The answer should hold only the lines from the one containing "BizCam___Speee_新卒対象_新規事業立案インターン.png" through the one containing "MTA-Portal App für iOS und Android" in the entries below, copied exactly, without pictures.

INFORMATION PROVIDED
- Opening Delimiter -
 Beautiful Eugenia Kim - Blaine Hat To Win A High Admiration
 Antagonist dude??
- Closing Delimiter -
- Opening Delimiter -
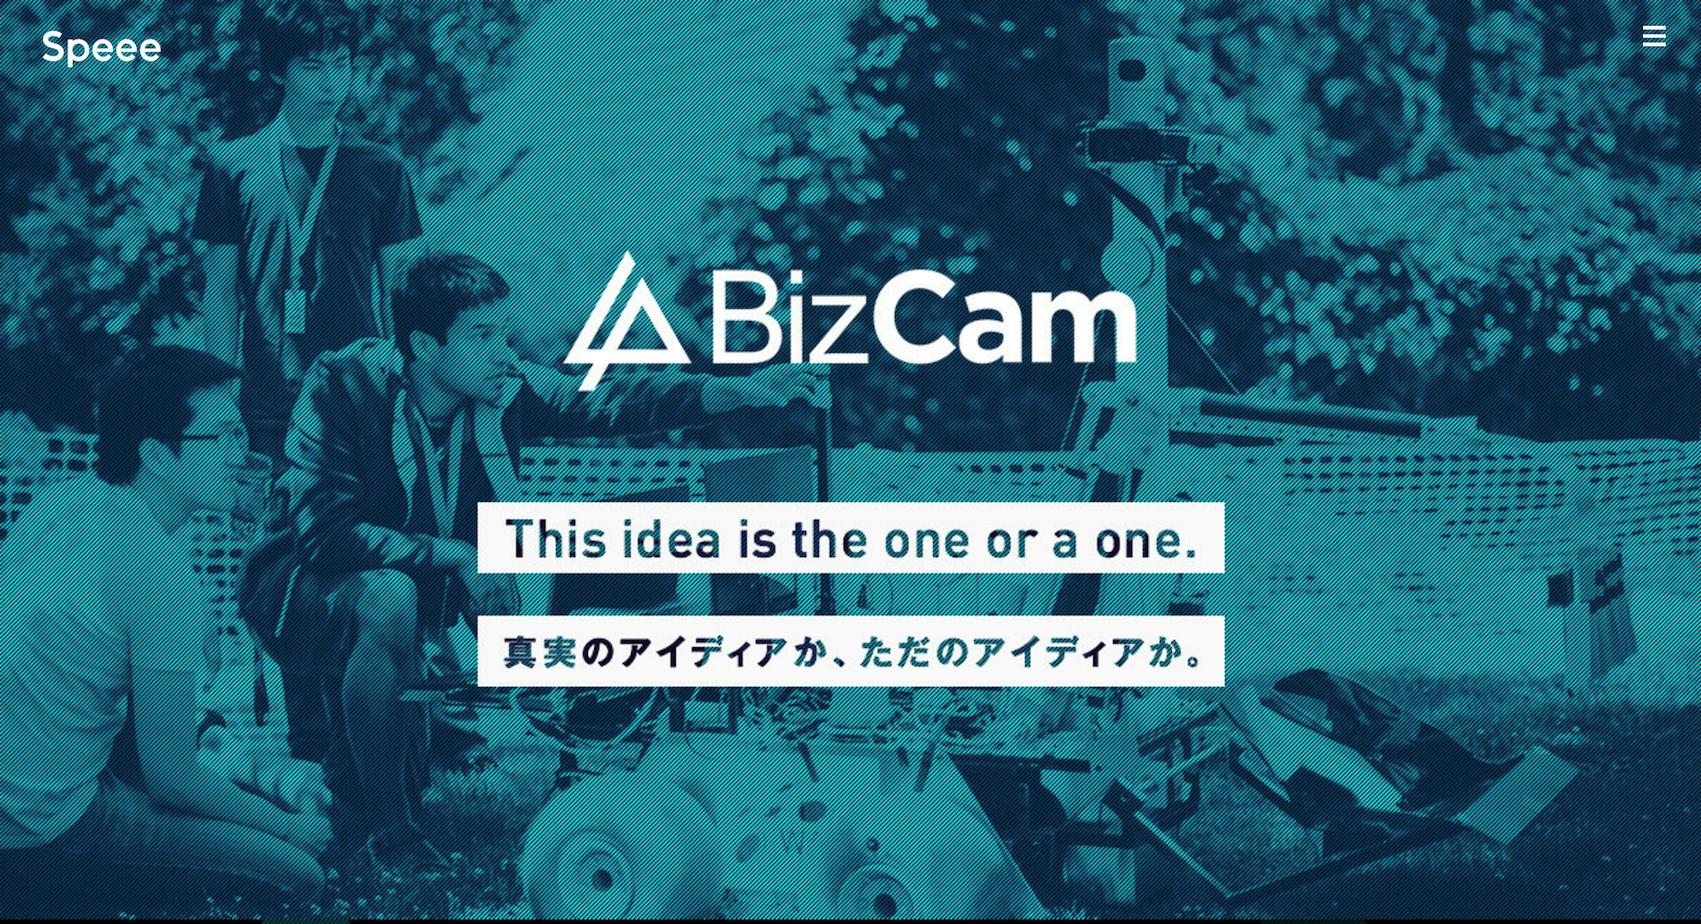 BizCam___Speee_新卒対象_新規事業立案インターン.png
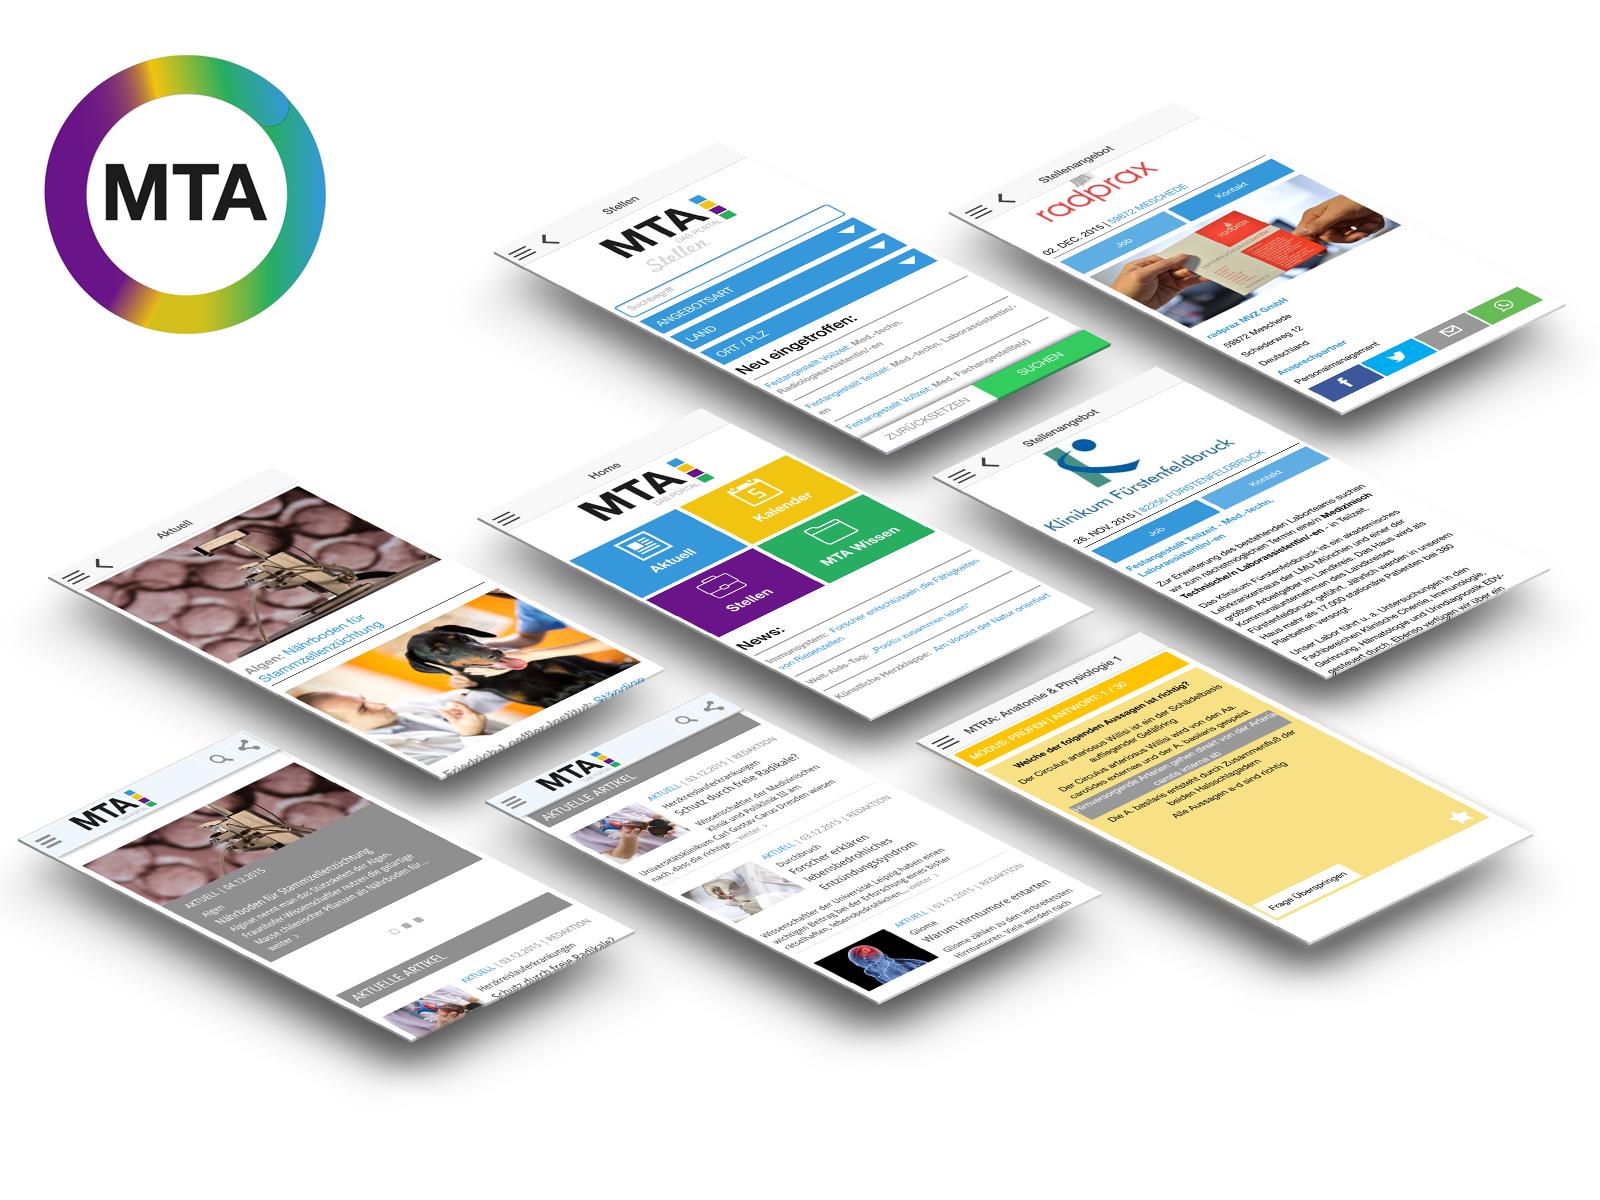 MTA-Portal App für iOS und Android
- Closing Delimiter -
SOLUTION FOR THIS EXERCISE
 BizCam___Speee_新卒対象_新規事業立案インターン.png
 MTA-Portal App für iOS und Android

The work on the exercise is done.